ASSIGNED TASK » Copy the listing exactly, please, and keep every picture out of it.

DATASET CONTENT »
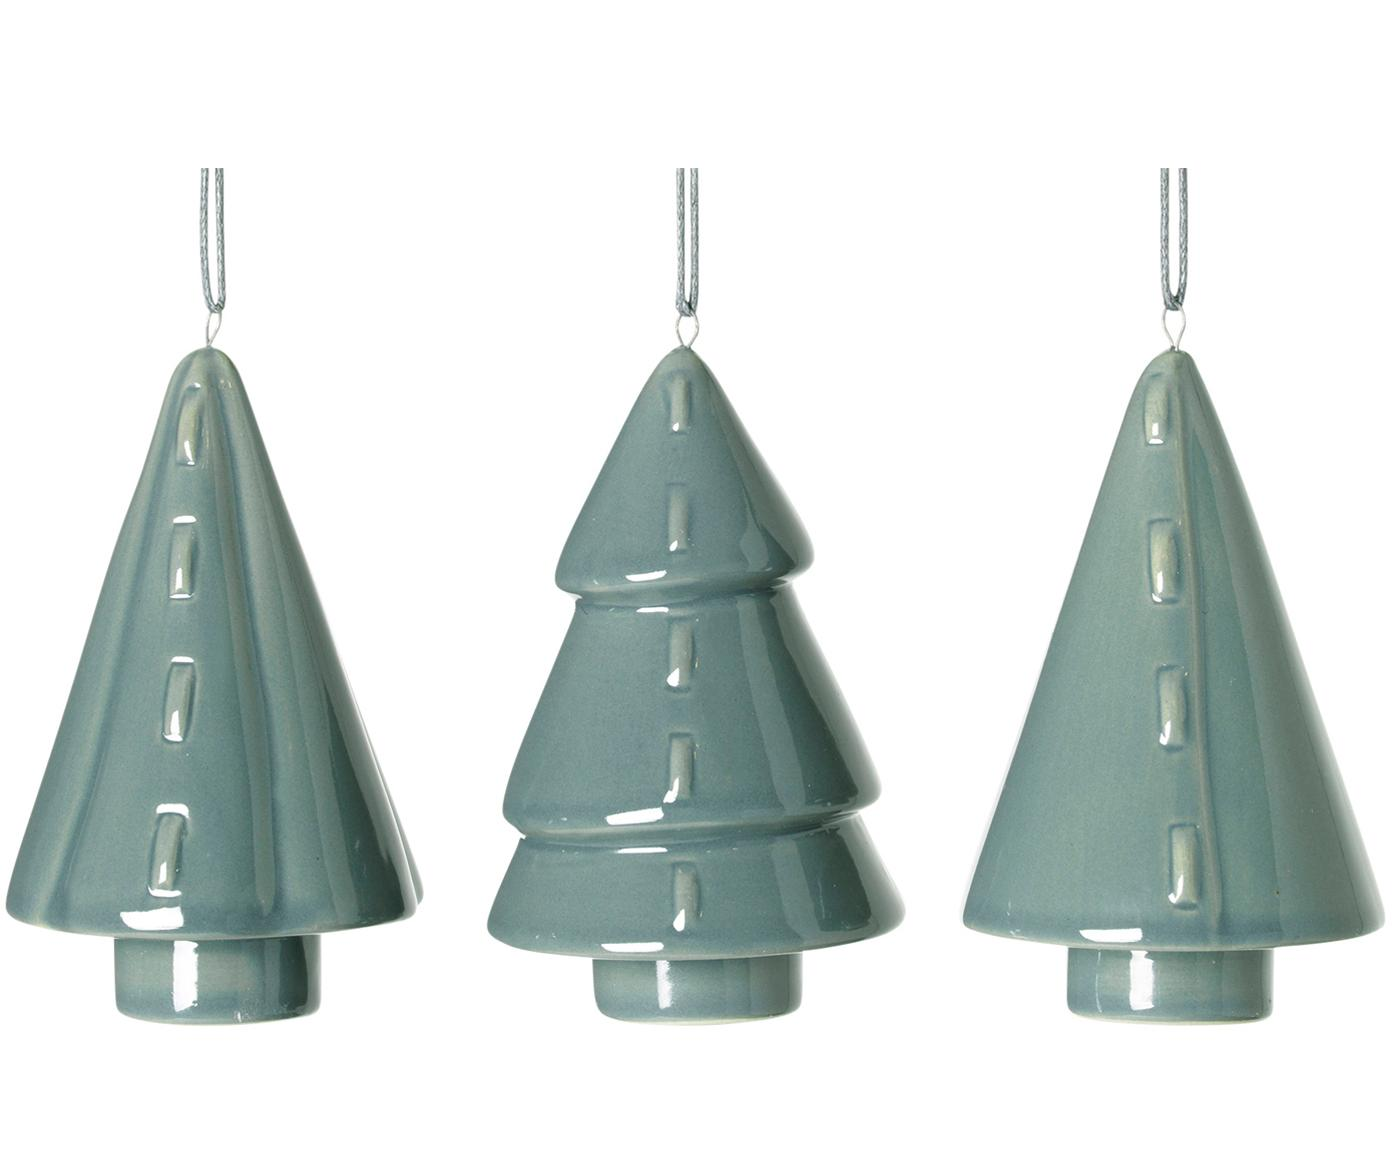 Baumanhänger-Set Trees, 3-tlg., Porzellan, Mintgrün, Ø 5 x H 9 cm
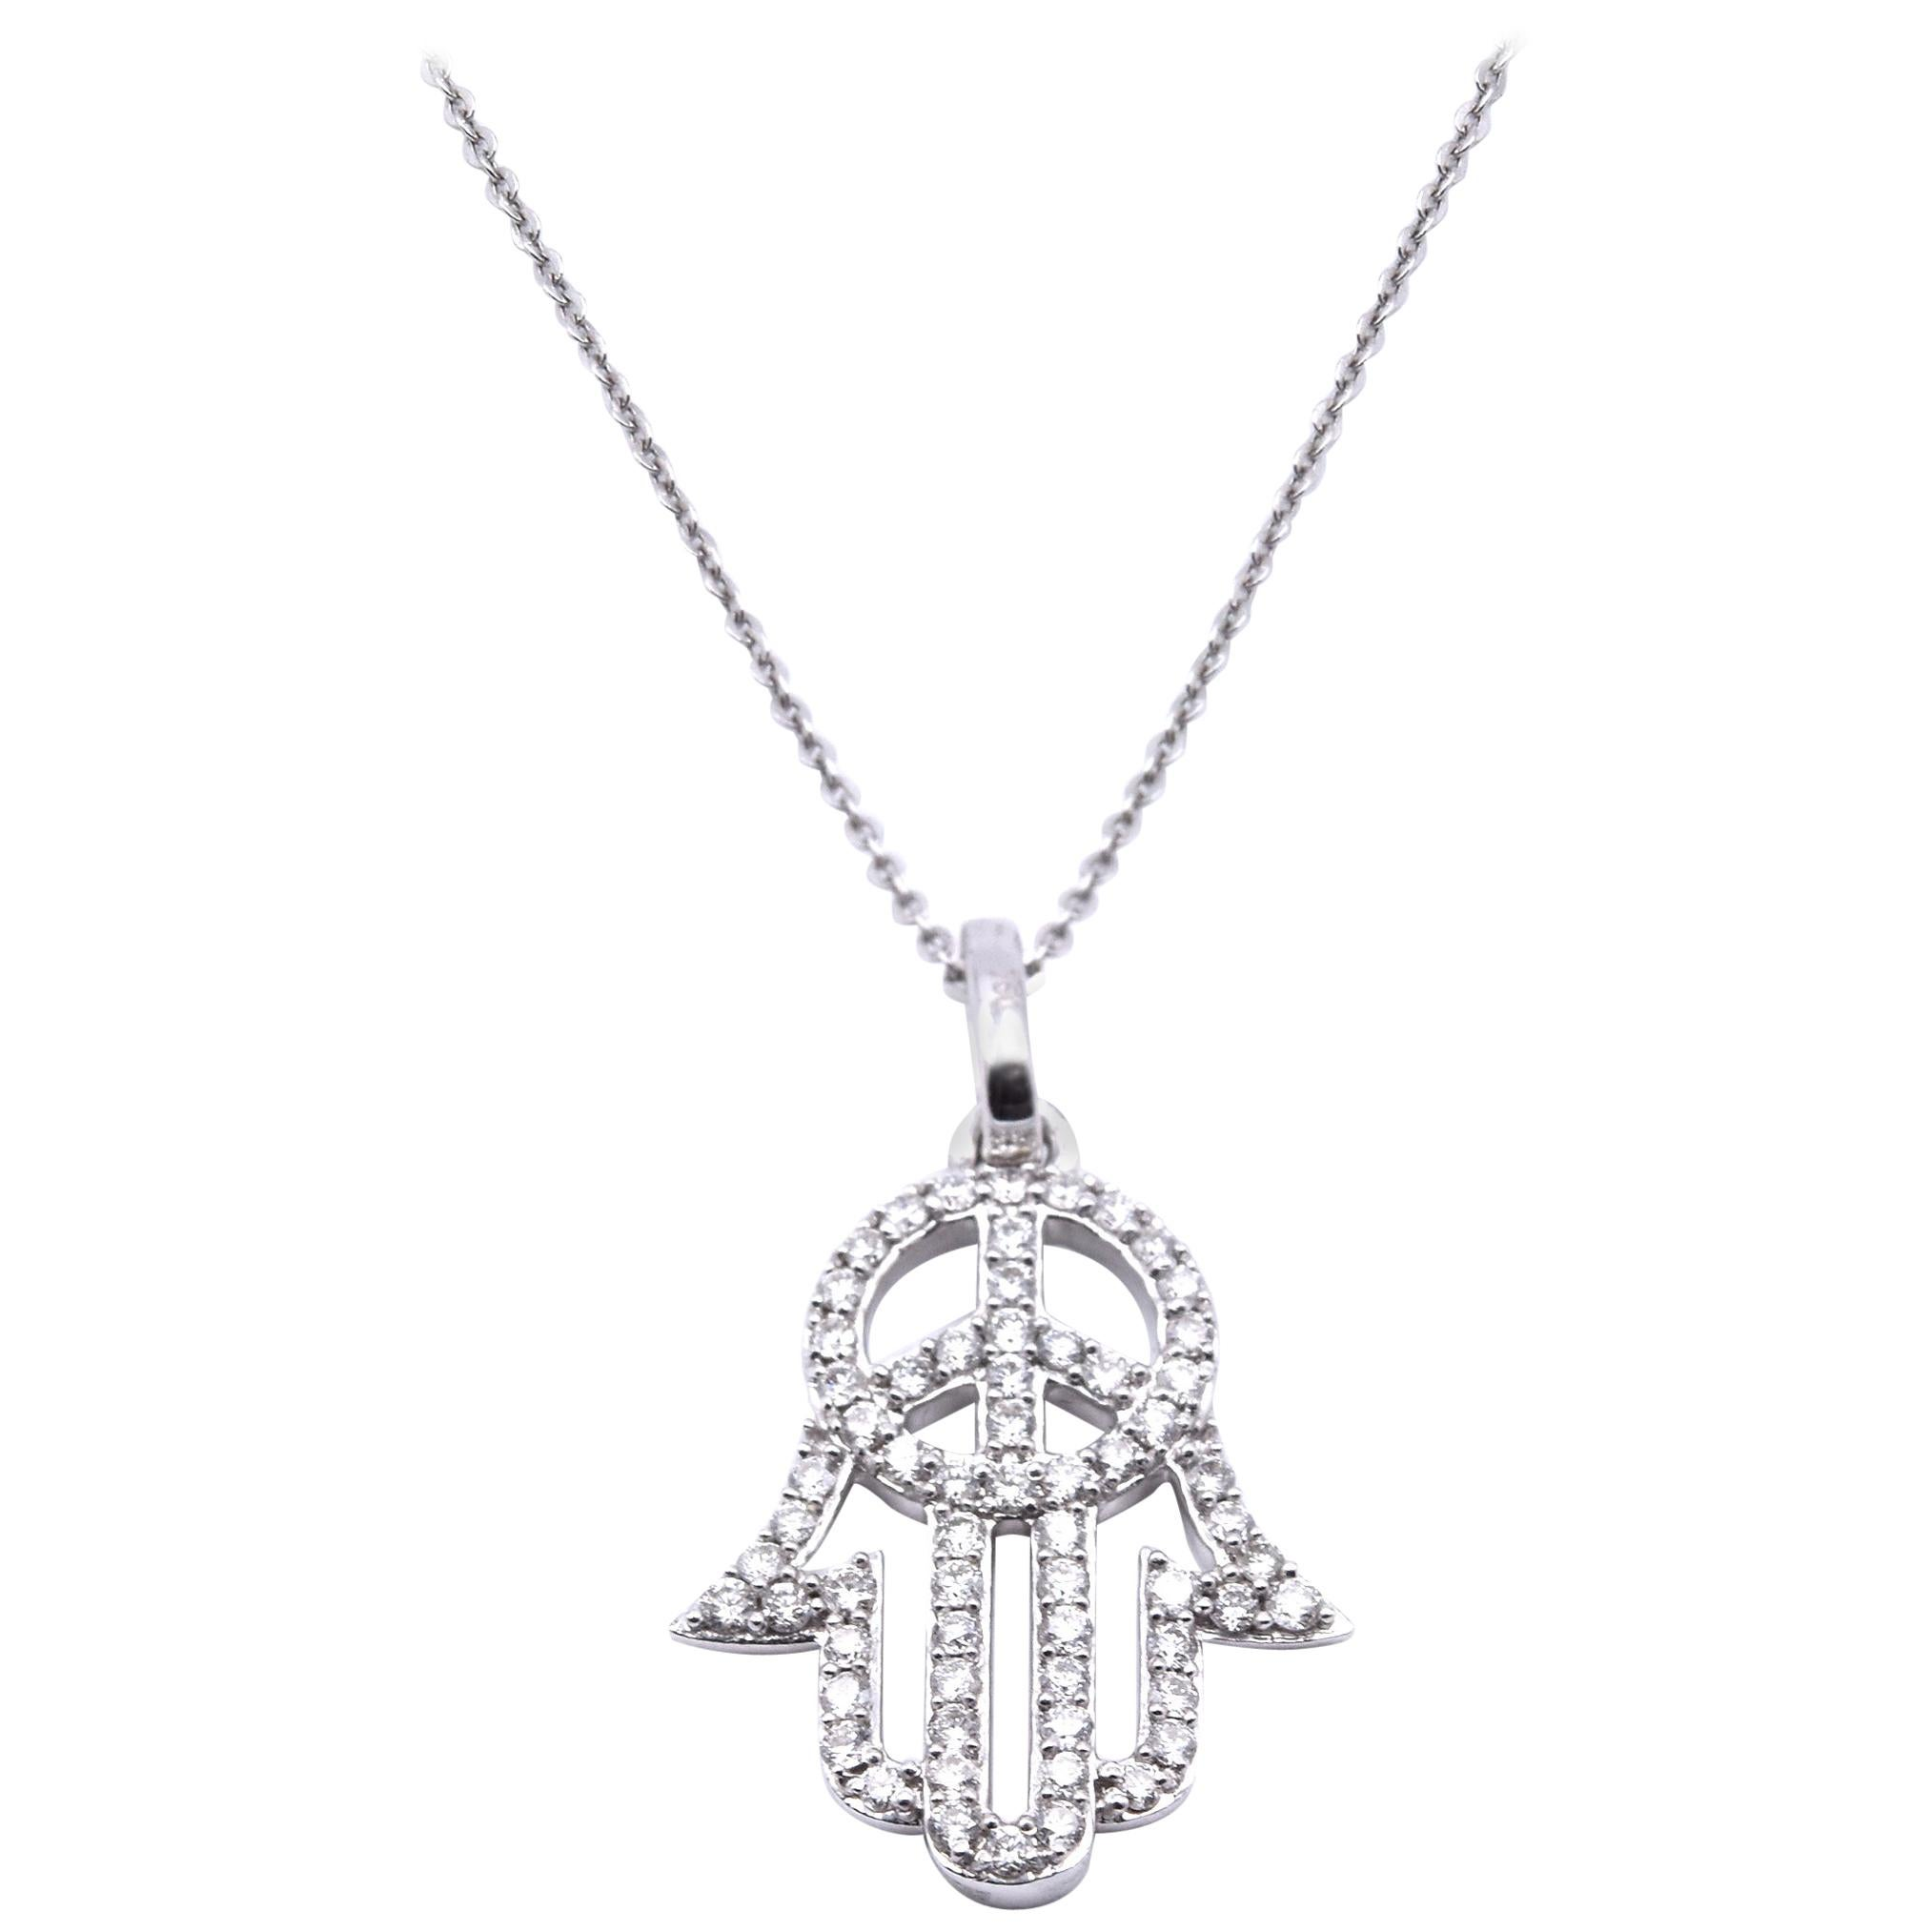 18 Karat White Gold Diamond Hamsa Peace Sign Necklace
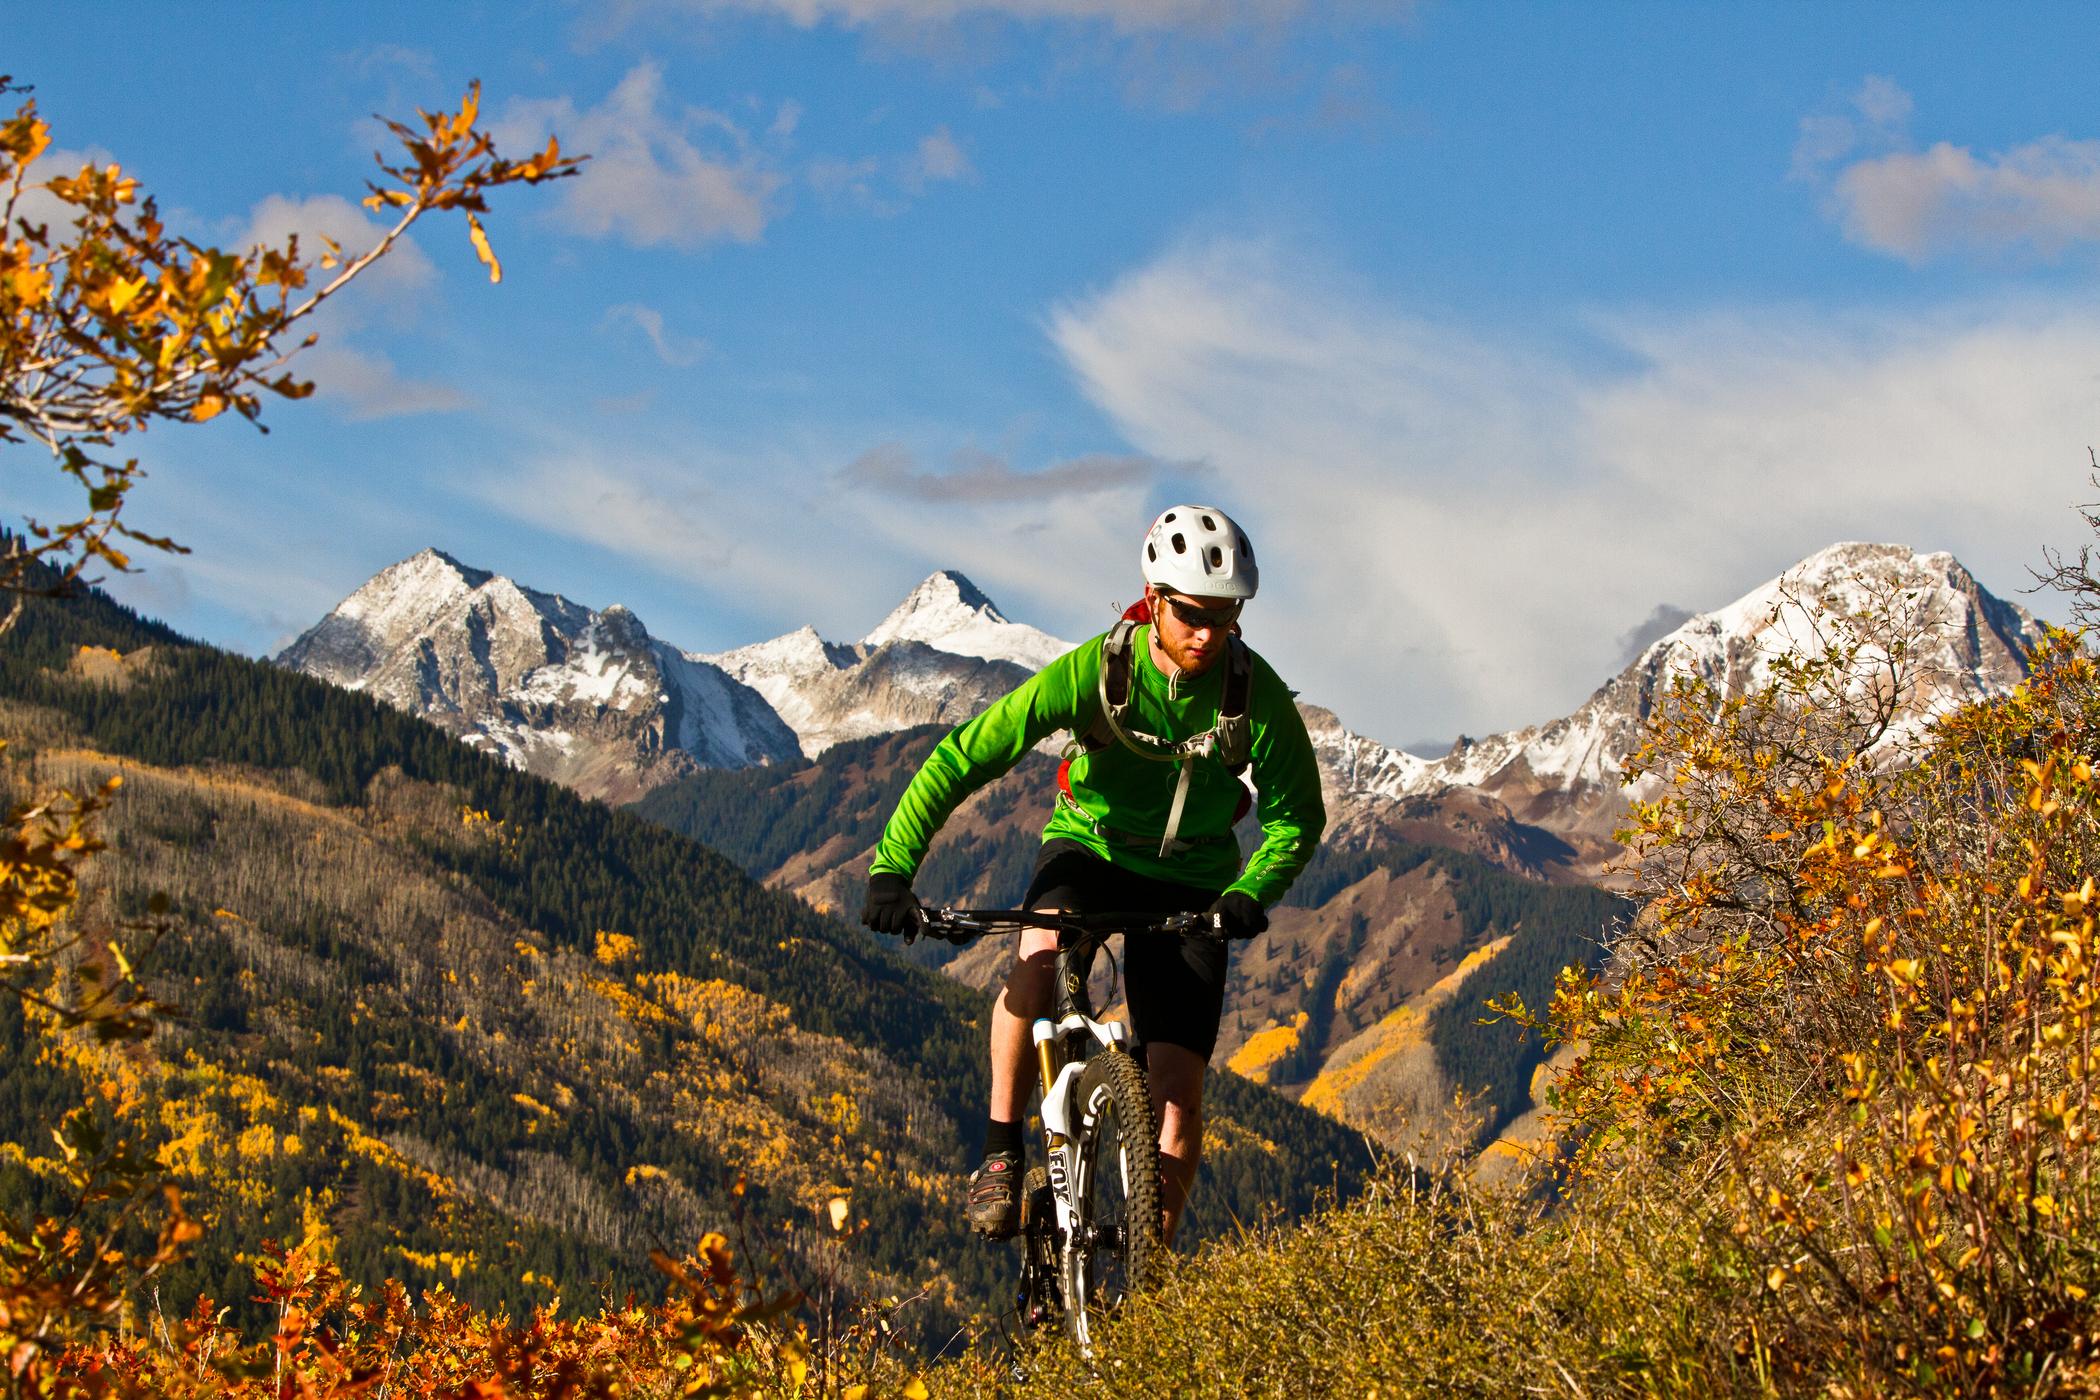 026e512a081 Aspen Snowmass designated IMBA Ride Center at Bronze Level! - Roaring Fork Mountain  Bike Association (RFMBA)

THE ANSWER »
 Baumanhänger-Set Trees, 3-tlg., Porzellan, Mintgrün, Ø 5 x H 9 cm
 18 Karat White Gold Diamond Hamsa Peace Sign Necklace
 026e512a081 Aspen Snowmass designated IMBA Ride Center at Bronze Level! - Roaring Fork Mountain  Bike Association (RFMBA)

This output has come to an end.